From the physical evidence of the timbers
and the opinions of the shipwrights who reassembled the remains in Boston Peter E.
Dolliver and Sylvester B. Sleeper the vessel was small. Her keel length was and is
28 feet 10 inches, her breadth was thought to have been nine and a half feet.
Some of the nineteenth century statements are puzzling.
Considering that even in 1863 the timbers existed only to a height of four feet, one can
wonder how Dolliver and Sleeper could have been sure that she had a sheer -the
fore-and-aft curve of the deck of "two and one-half feet, with a lively rise
at both ends." Their knowledge of ancient rigs was such that they stated, "The
rig common to a vessel of her size at the time she was built consisted of a single mast
with a lateen yard and a triangular sail." There is no evidence that English vessels
of the early seventeenth century ever carried such a single-masted rig.
The wreck remains were also studied by one
of Bostons famous naval architects, Dennison J. Lawlor.

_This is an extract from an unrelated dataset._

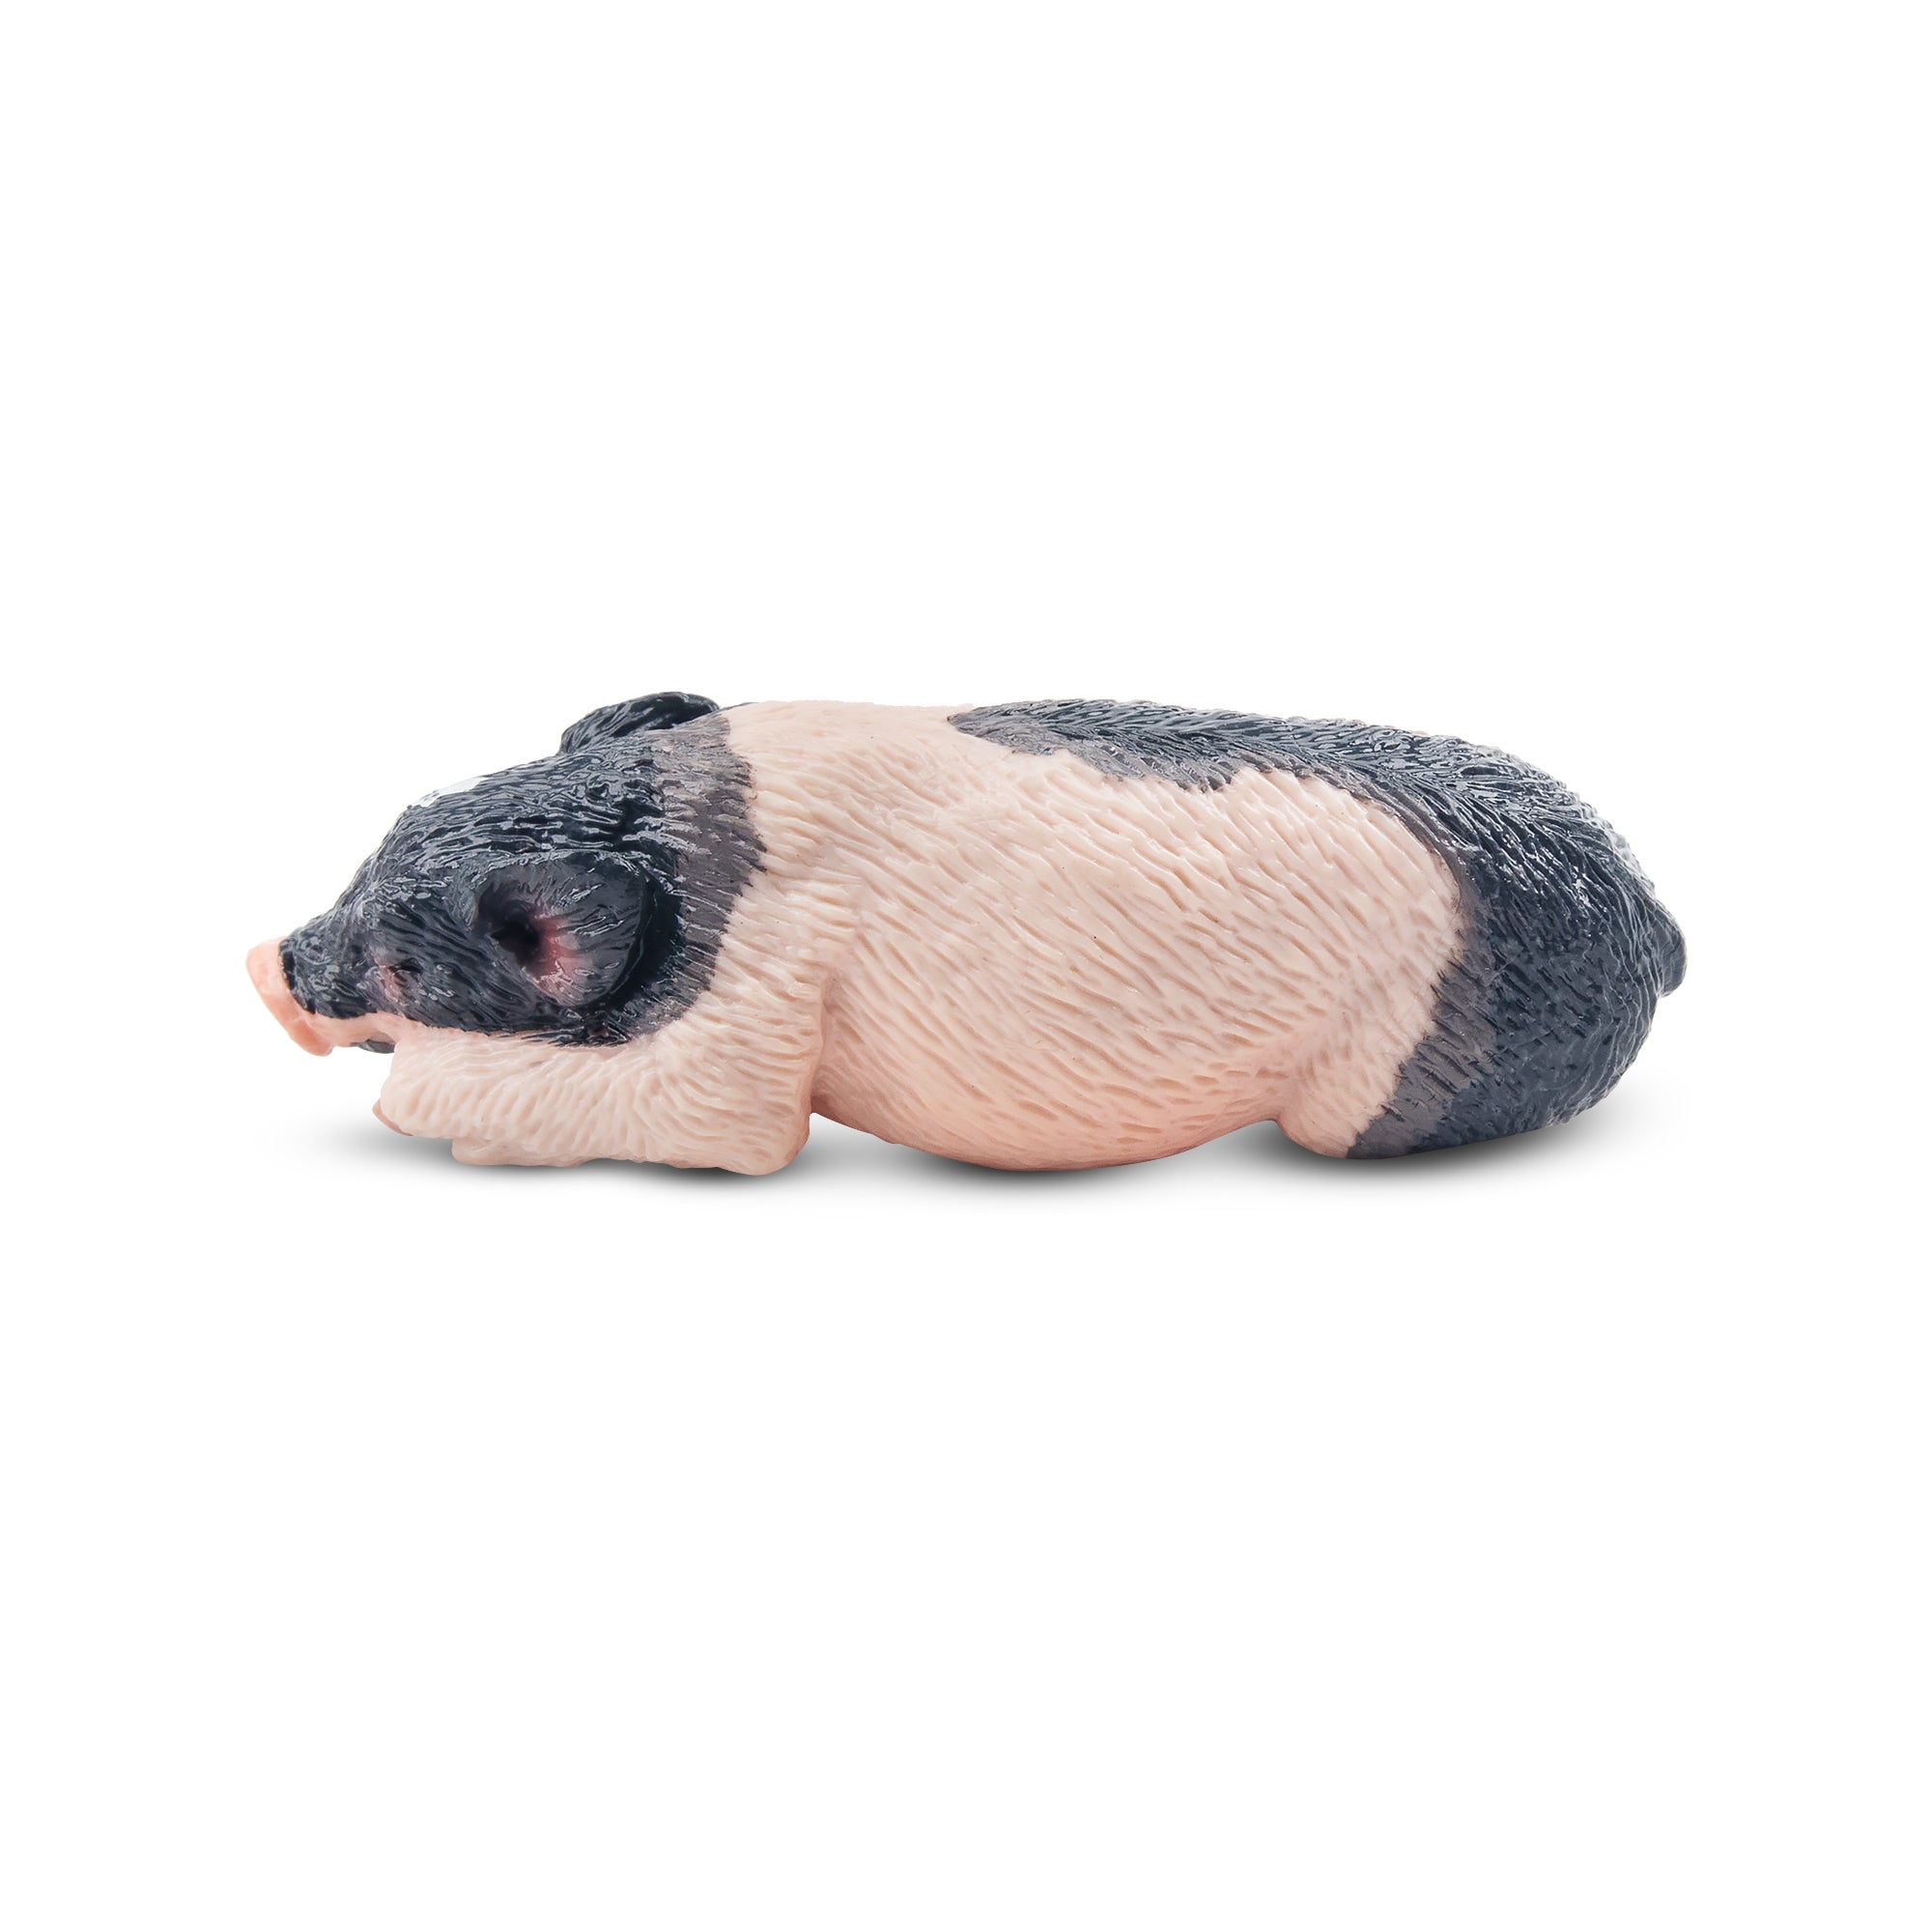 Toymany Sleeping Grey Piglet Figurine Toy

He produced a lines plan
which showed the form of the vessel and a rigged model that had two masts. The forward or
main mast had a single square sail and the after or mizzen mast carried a lateen sail.
Other models having a similar rig have been constructed. Assuming that the timbers of the
vessel have been assembled correctly and holes for fastenings indicate that this
must be so all of these rigged models ignored the position of the mast step in the
keelson, the mainmast being too far forward.
When Dan Sanders offered to construct a model
to represent the Sparrow-Hawk as a companion to the R.C. Anderson model of the Mayflower
in Pilgrim Hall, there immediately rose the questions of her dimensions, shape, and rig in
light of research since 1865, when Dolliver & Sleeper and C.J. Lawlor submitted their
reports. Dimensions of the small English vessels of the early seventeenth century are
scarce; the nearest to those of the Sparrow-Hawk currently available are those of
one built at Rye in 1609. Her keel length was 33 feet, breadth at midship beam 16 ½ feet
and depth 11 feet. Based on her proportions, the depth of the Sparrow-Hawk would
have been but eight feet.
It was decided to use the Lawlor lines plan
but to reduce the depth to about eight feet, and instead of his sheer line "with a
lively rise at both ends," the more common arcs of circles were employed. Paintings
of small square-sterned vessels of the period nearly always show an overhang aft instead
of the flat transom with an outboard rudder of the Lawlor model. An overhanging stern and
the results of the other changes can be seen on the new model.
The most obvious difference between the
model built by Mr. Sanders and earlier conceptions of the Sparrow-Hawk is the
rig, which does take account of the location of the mast step. In effect, this location
limits the rig to two possibilities although some lively arguments could develop on this
point simple three-masted ship rig or the two-masted square rig carried by early
seventeenth-century barks.
Bradford started his account of the 1626 wreck
"There was a ship
" but whether he used the term "ship" in
the general or the particular sense we will never know. Writing some months after his
short visit to the wreck site he had no need to be precise about type and likely used
"ship" in the general sense of a decked vessel larger than a boat. Actually,
some naval long boats of 1626 would have been longer than the Sparrow-Hawk,
almost as wide, but only about half as deep.
Although marine artists of almost any period
tend to concentrate on depicting imposing naval and merchant ships, small vessels of the
seventeenth century were not neglected. The majority of pictorial evidence favored the
two-masted square rig for the new Sparrow-Hawk. In light of the earlier
definitions, what should the ship be called? It is decked and square-sterned, so obviously
cannot be a shallop. She perhaps could serve as a pinnace, but is probably a bit too
chunky in shape. Therefore, in conclusion, we have the bark Sparrow-Hawk.